These lovely layered St. Patty’s Day treats were supposed to be a cake…but ended up even better!
I am in the middle of the Navajo Nation without a Bundt cake pan. That is how this tale begins. I am almost 3 hours from a store that sells Bundt pans. In my mind, I wanted to make a lovely bundt cake full of swirls of various shades of green, topped with melted Key Lime frosting. SO- I did what any enterprising blogging girl would do- I ordered a pan on ebay, with free shipping. It took a week, but once I got it I was ready to go! I divided my cake mix into 4 parts and colored each part an increasingly darker shade of green and swirled the colors together in the pan. After it baked, I tipped it out on a cake rack and…..

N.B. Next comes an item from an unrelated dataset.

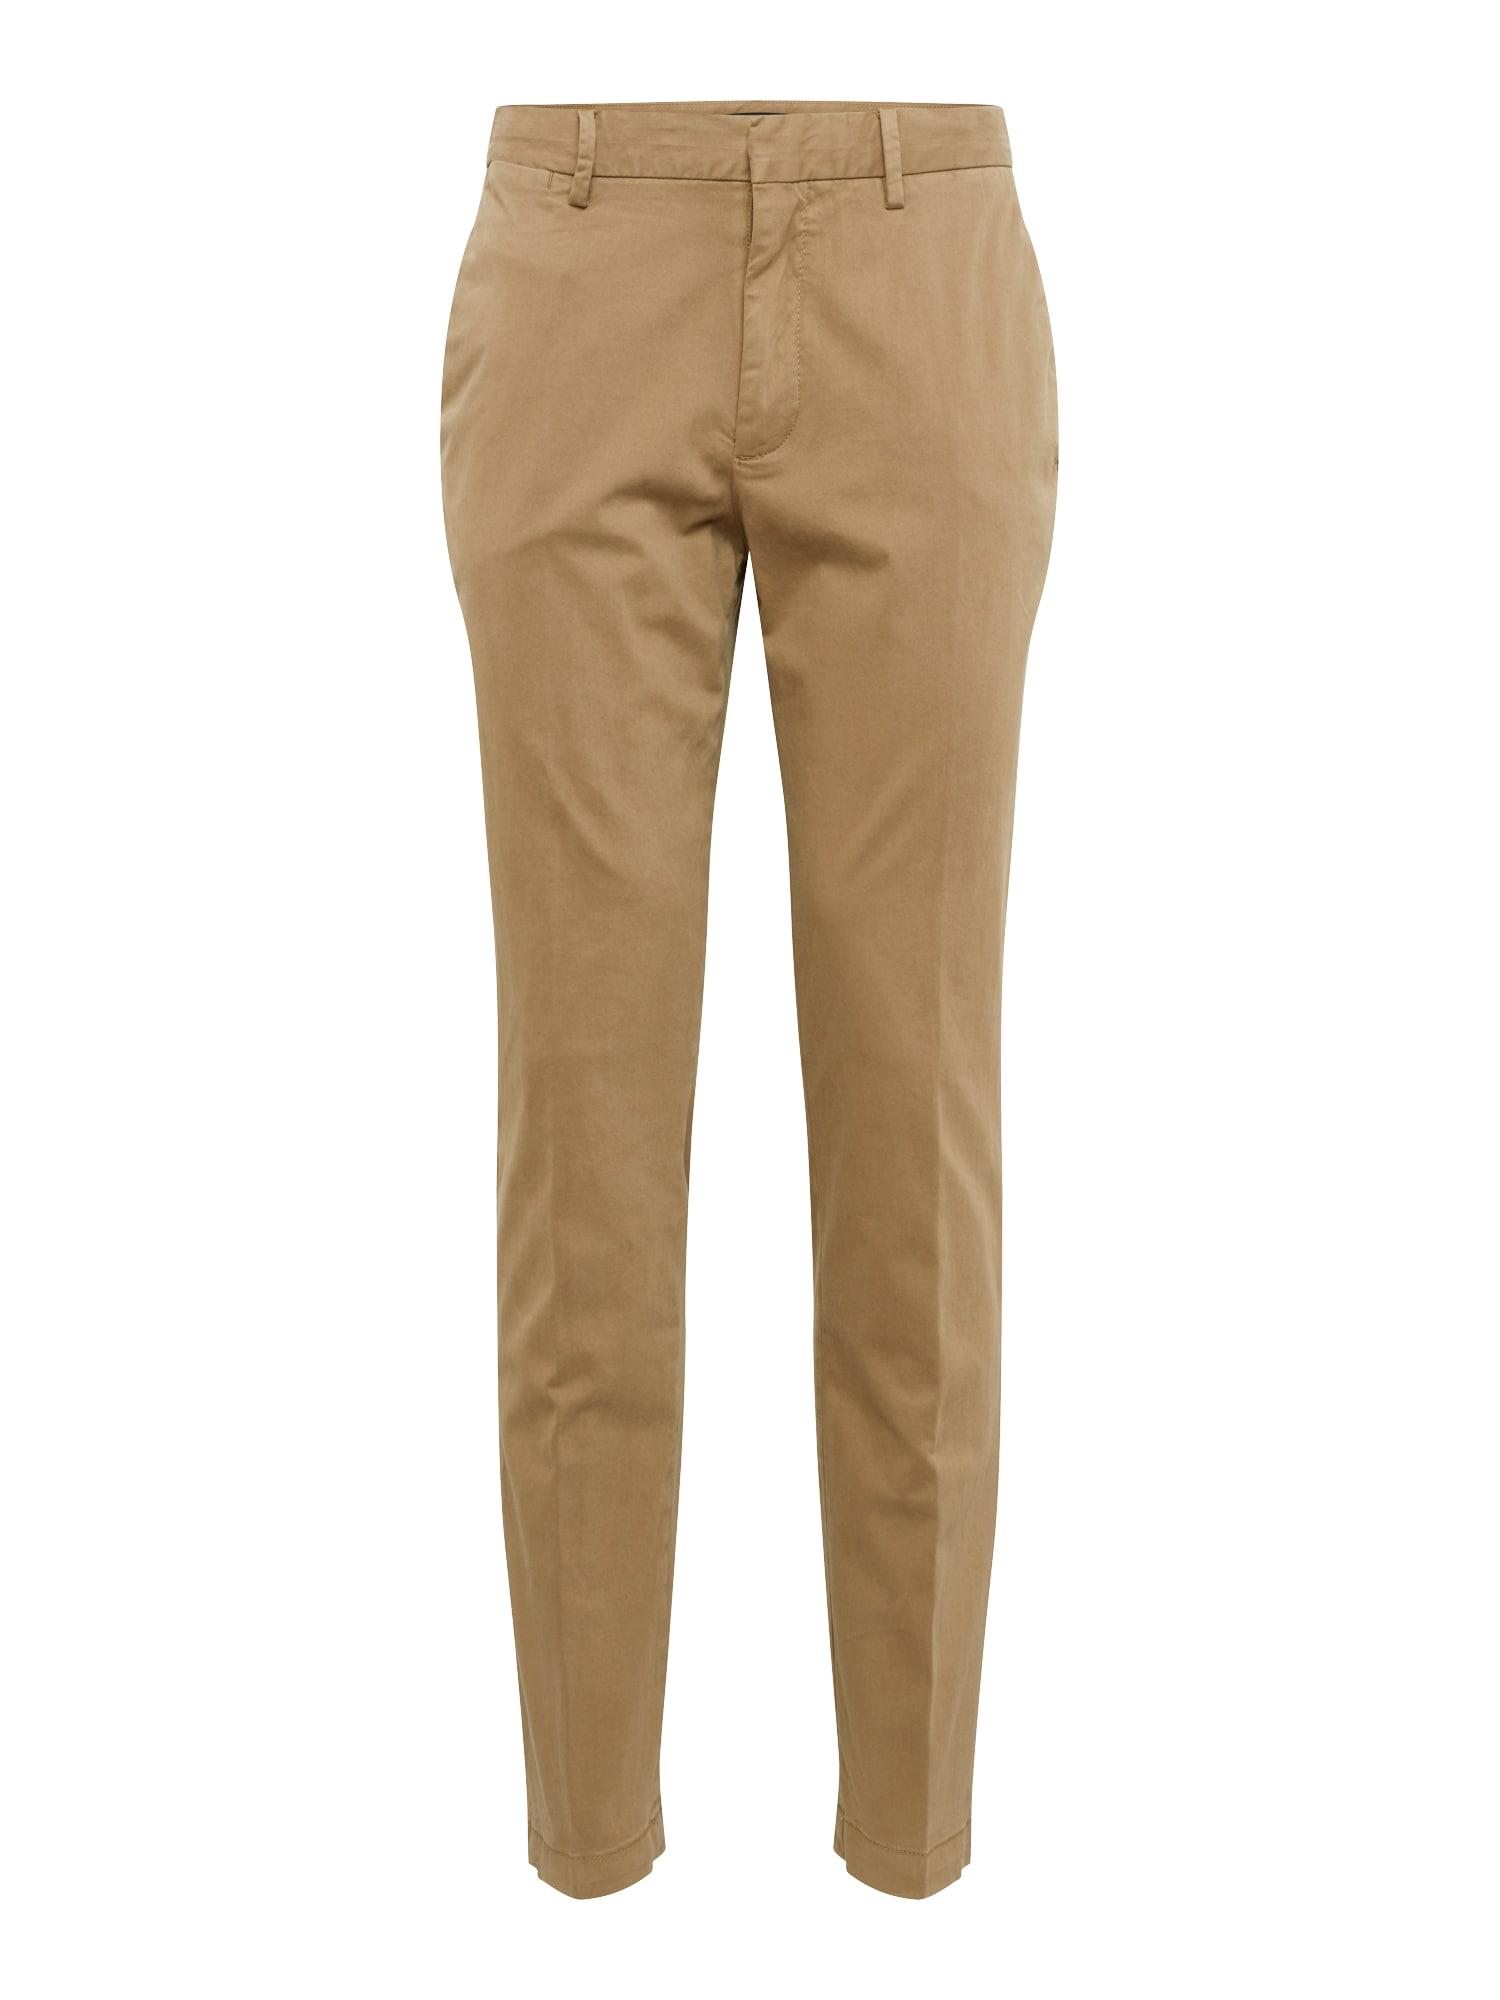 Chino kalhoty SLIM AUTHENTIC tmavě béžová Banana Republic

I let the disaster cool and re-thought my recipe. I brought my favorite little Weck jars with me, and I had some heavy cream to whip… how about parfaits!!
Here’s the recipe: (printable version)
INGREDIENTS: (makes 10-12 small parfaits)
- One boxed white cake mix (Plus water, oil and eggs to make according to box)
- Green food coloring gel
- One tub of Pillsbury Key Lime Frosting
- 2 cups heavy whipping cream
- 3 Tablespoons of powdered sugar
- Make cake according to boxed mix, adding green food color to make batter green (you can make several shades of green if you want, but you don’t have to).
- Bake as directed in any cake pan you want (lol!)
- Allow cake to cool completely.
- Put heavy cream and powdered sugar in a large mixing bowl and beat on high until cream is whipped and light, holding stiff peaks.
- Take the lid and foil wrap off the tub of frosting, and heat in the microwave for 20-30 seconds. Stir until it is a nice smooth liquid.
- Assemble your parfaits by spooning a bit of frosting into each glass, followed by a bit of crumbled cake, followed by a dollop of whipped cream. Repeat these layers until you are at the top.
- End with a swirl of whipped cream and some sprinkles.
My thoughts: These ended up being the yummiest dessert! I had a family over to visit that night and they gobbled up every last bit of it and loved it. That key lime frosting is the BOMB! Yum! Anyway, thanks for joining me on my latest Navajo kitchen adventure! Happy St. Patricks Day!! ~rUsually I give you another four recipes related to this one. But today I leave you with one. These are seriously some of the best cupcakes I’ve ever made, and they are perfect for St. Patrick’s Day….just click on the photo and you’ll be magically transported to the yummy recipe. I present: Bailey’s Irish Cream Cupcakes….Enjoy!!!! ~r
So, so CUTE! I love these and so perfect for St. Patrick’s Day!
These look amazing!
These are so pretty! Don’t you love it a “disaster” turns into something even better than you were going for to begin with? 🙂
Thank you- and yes…I think that “saved” recipes are some of the best discoveries!!!
You’re in the middle of the Navajo Nation? I lived in Lukachukai AZ once.
I am very close to Lukachukai! I’m in Rough Rock (near Many Farms) I actually got stuck on the mountain pass there during some surprise snow….not my favorite memory… lol!